My family tries to accommodate my wants - there is a pile of fruit up to my elbow chillin' in my room right now - and love to teach me things. I was told last Sunday that I would learn how to fetch water from the borehole, carrying it on my head - don't worry, I've been given the small beach bucket - but it has been rescheduled due to our feildtrip to Boti Falls. When hand-washing a pile of laundry last week, Mama Sewah watched intently out of the corner of her eye to make sure I was scrubbing hard enough. I know this because every time I caught her eye, she would mime "scrub hard," stare at my hands, and nod her head in silent approval when I obeyed. I am sure that, with any sign of wrist weakness, she would have barreled me off of the bench and finished the pile herself ... fortunately, I was able to side-step any embarrassment and finished all of my laundry without any help.

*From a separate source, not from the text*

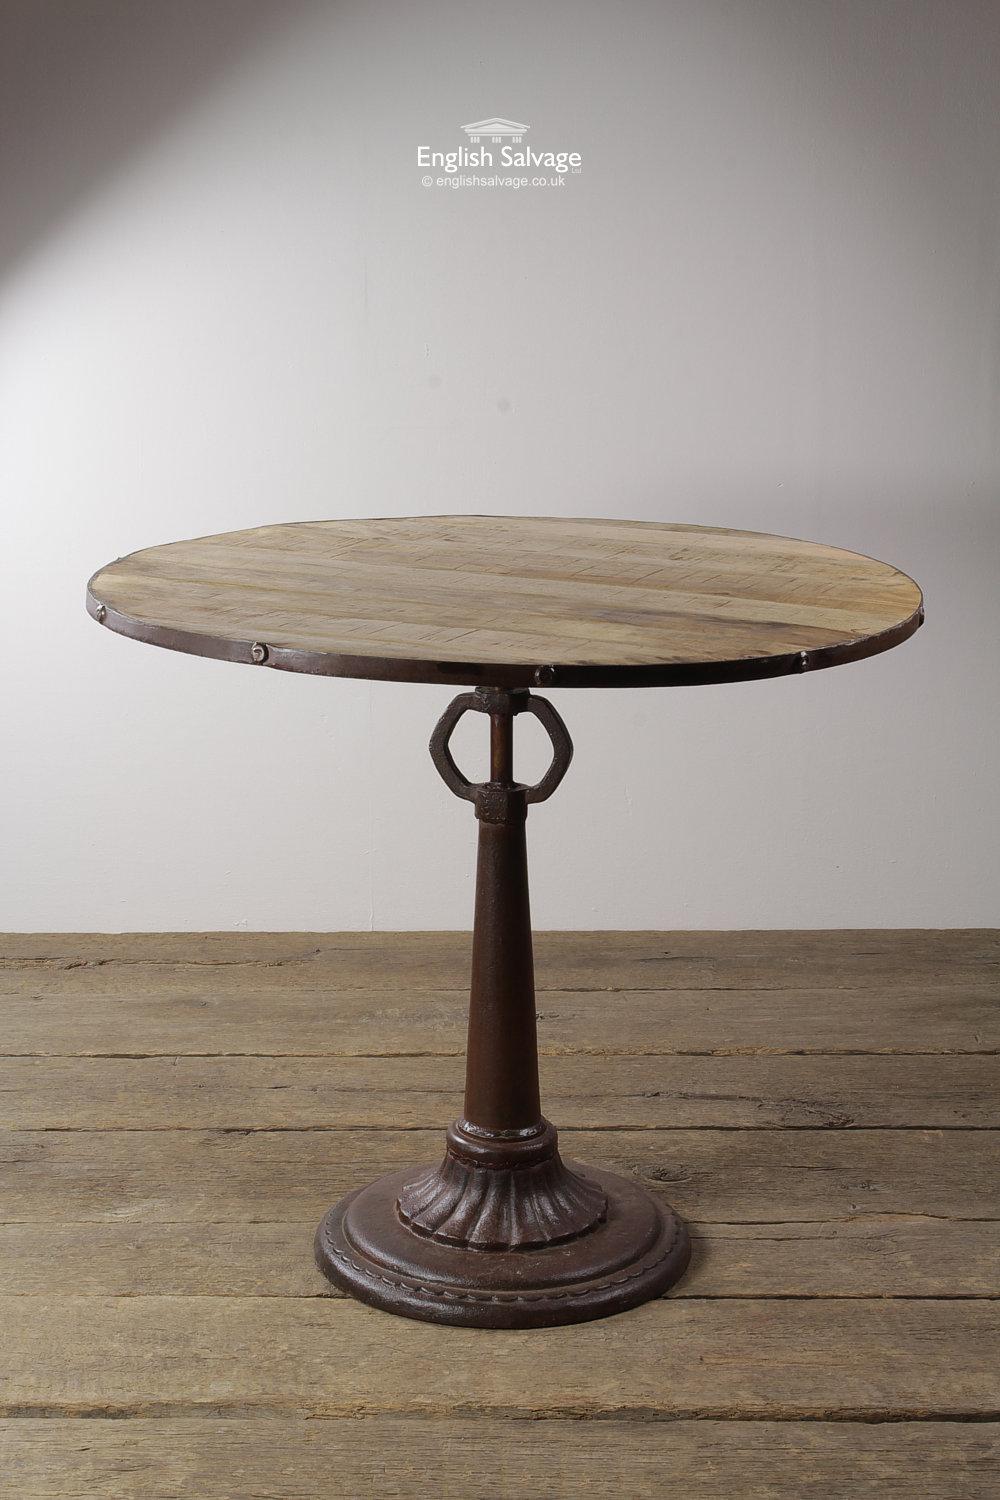 New table with a round teak plank top and a flared or skirted metal base. This vintage industrial style piece would be great for a cafe or home kitchen. The table assembles in two pieces, the wood top screws on to the base.

Good, solid condition.

My younger brother loves to play frisbee and has taught all of his friends the sport. I think I may leave my frisbee with him as a present, since it is in his constant care anyway (anyone willing to send me a bunch of cheap frisbees? it's a great ice breaker with the kids!) I'm still teaching myself how to 'own' in hackie-sack ... it is a process.

I feel badly that my days are so full, that I am so tired at the end of them, and must spend so much time studying. Fifa has been my saving grace, as we all came together for every Ghana (and USA) game ... I am rooting for the Black Stars tonight!! They love to watch my reactions to the game and copy my expressions whenever they can, we all laugh with each other over our small eccentricities. I am enjoying being an O'broni because it is certainly a humbling experience, to be surrounded by such an amazing and welcoming culture.

As for now, Mama Sewah is waiting for the day I "eat ALL" and I keep telling her, "Yes, mama. It is like football ... I must practice first."